The rise of ecommerce platforms could be set to continue for some time, new research has predicted.
A Juniper Research study estimates many platforms are well set to continue to expand their digital assets as more and more companies move their transactions online.
According to the analysis, global digital commerce transactions are set to exceed $20 trillion by 2027 – a figure not too dissimilar to the entire GDP of the United States, the world’s largest economy. In 2022, the figure is estimated to be around $12.3 trillion (roughly the equivalent of China’s GDP which comes in at second place), representing a 62% increase in five years.
Ecommerce: digital payments and BNPL
The figures include online money transfers, purchases, banking, and bill payments. The research firm cites NFC payments as one major contributor to the sector’s growth, which enable speedy and effortless payments at physical locations.
In fact, the research indicates that NFC payments are set for the largest growth when it comes to digital commerce, with an estimated 176% increase in the next five years.

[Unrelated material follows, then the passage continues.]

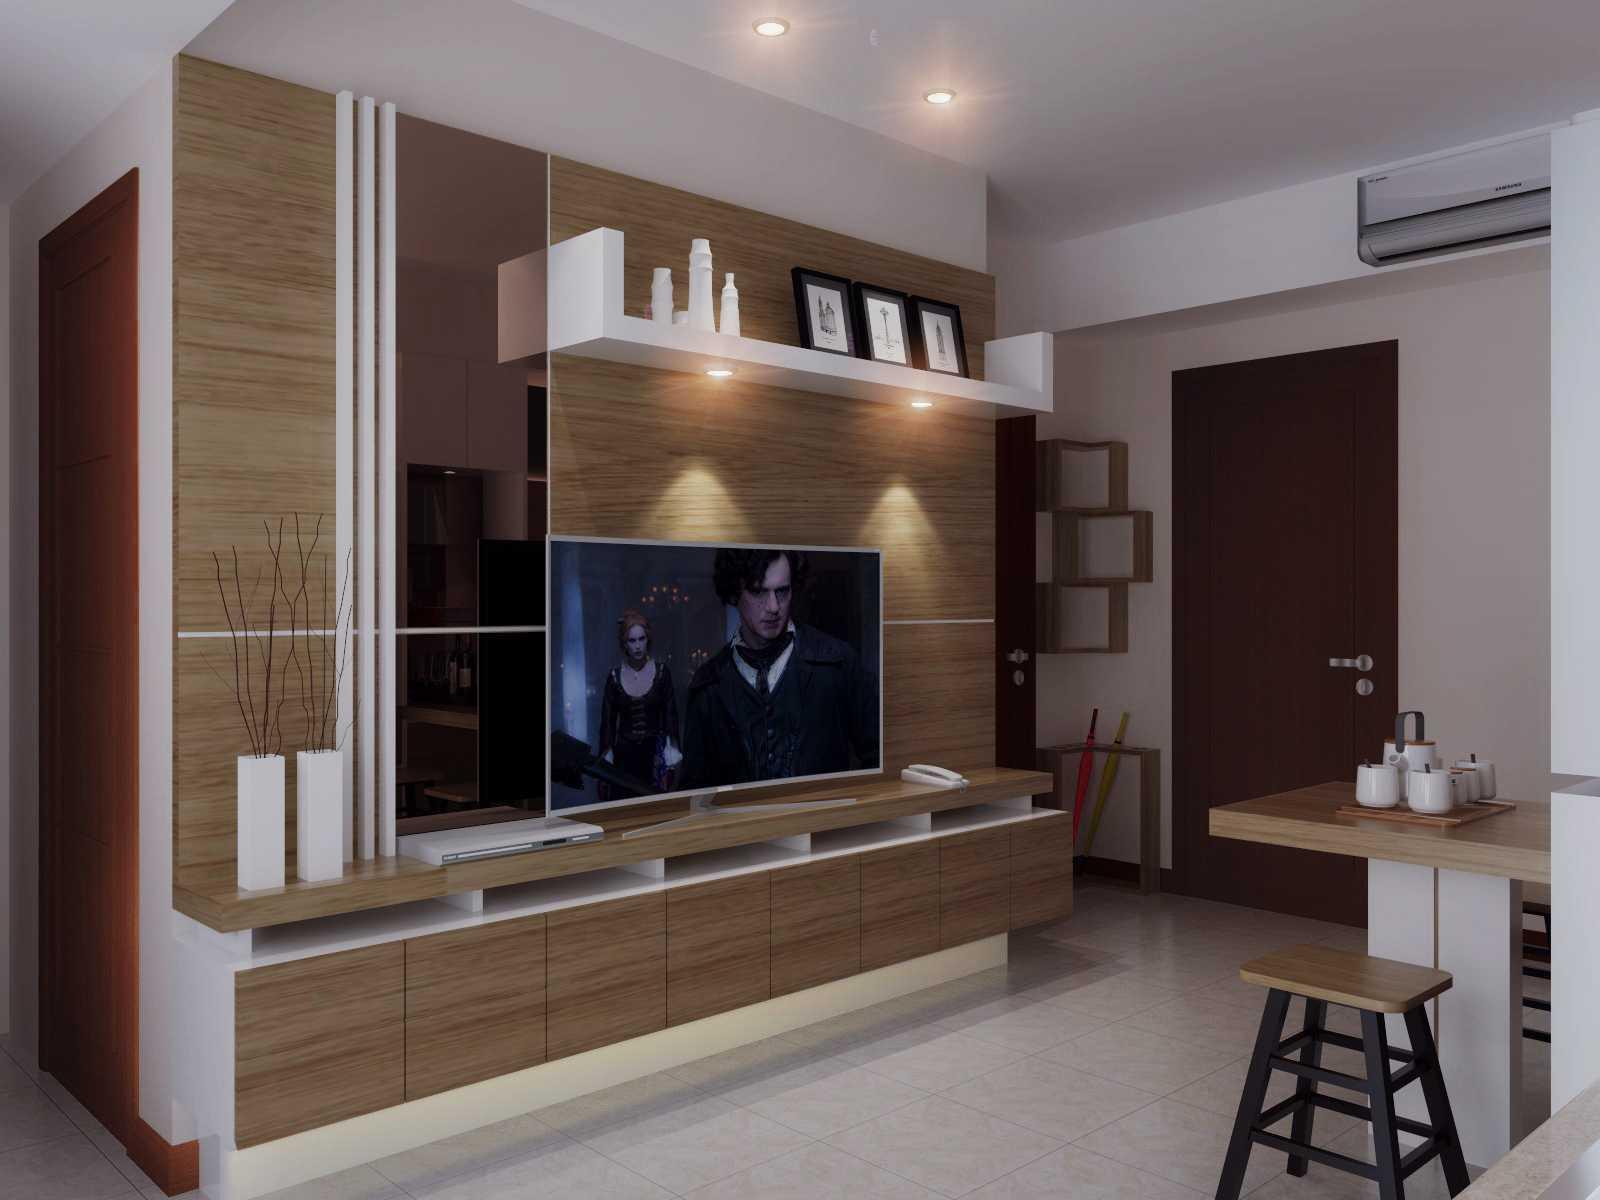 Mbartliving Interior Apartment Mediterania   Mbartliving-Interior-Apartment-Mediterania Contemporary <P>Tv Cabinet</p> 56458
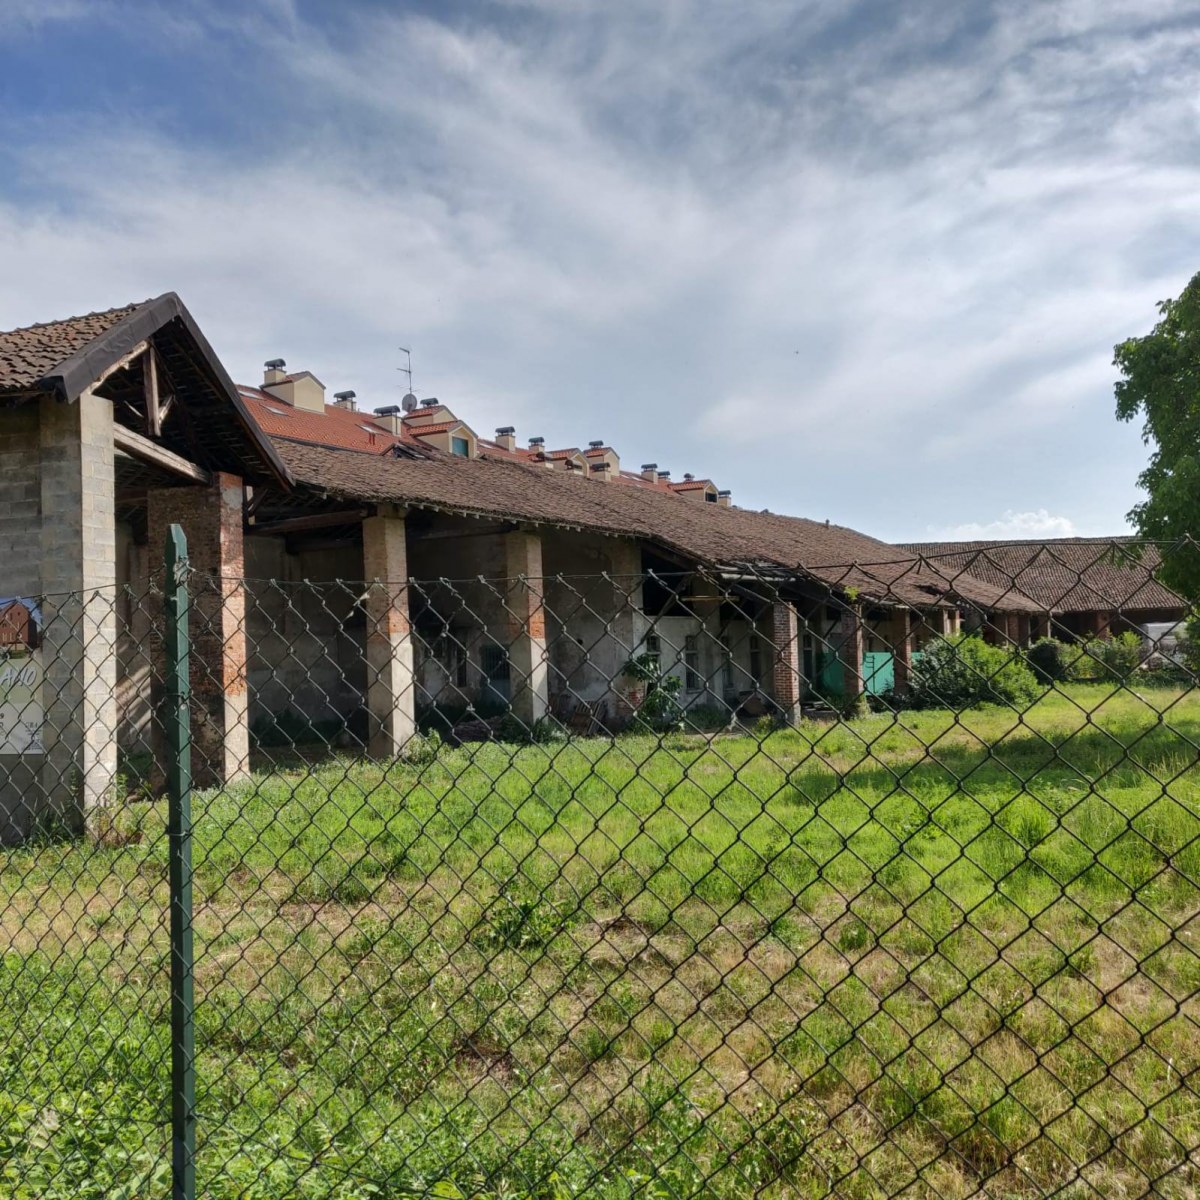 cantiere-muggiano-nuova-costruzione-bilocale-3-locali-2-locali-spaziourbano-immobiliare-vende-3

NFC is the technology behind Apple Pay and Google Pay, which when combined with biometric security like fingerprint or facial recognition, help reduce the likelihood of fraud.
When it comes to online shopping (a habit that we quickly adopted during the pandemic), Juniper Research has suggested two changes. Firstly, improvements in supply chain and order fulfillment operations should drive significant growth for this sector. But secondly, for ecommerce platforms to keep up, the study says that sellers should improve delivery times and offer a broader spectrum of payment methods, including ‘buy now, pay later’.
Similarly, Square has introduced its own pay later scheme, which will see it partnering with Clearpay, as the industry continues to adapt to new, digital buying trends.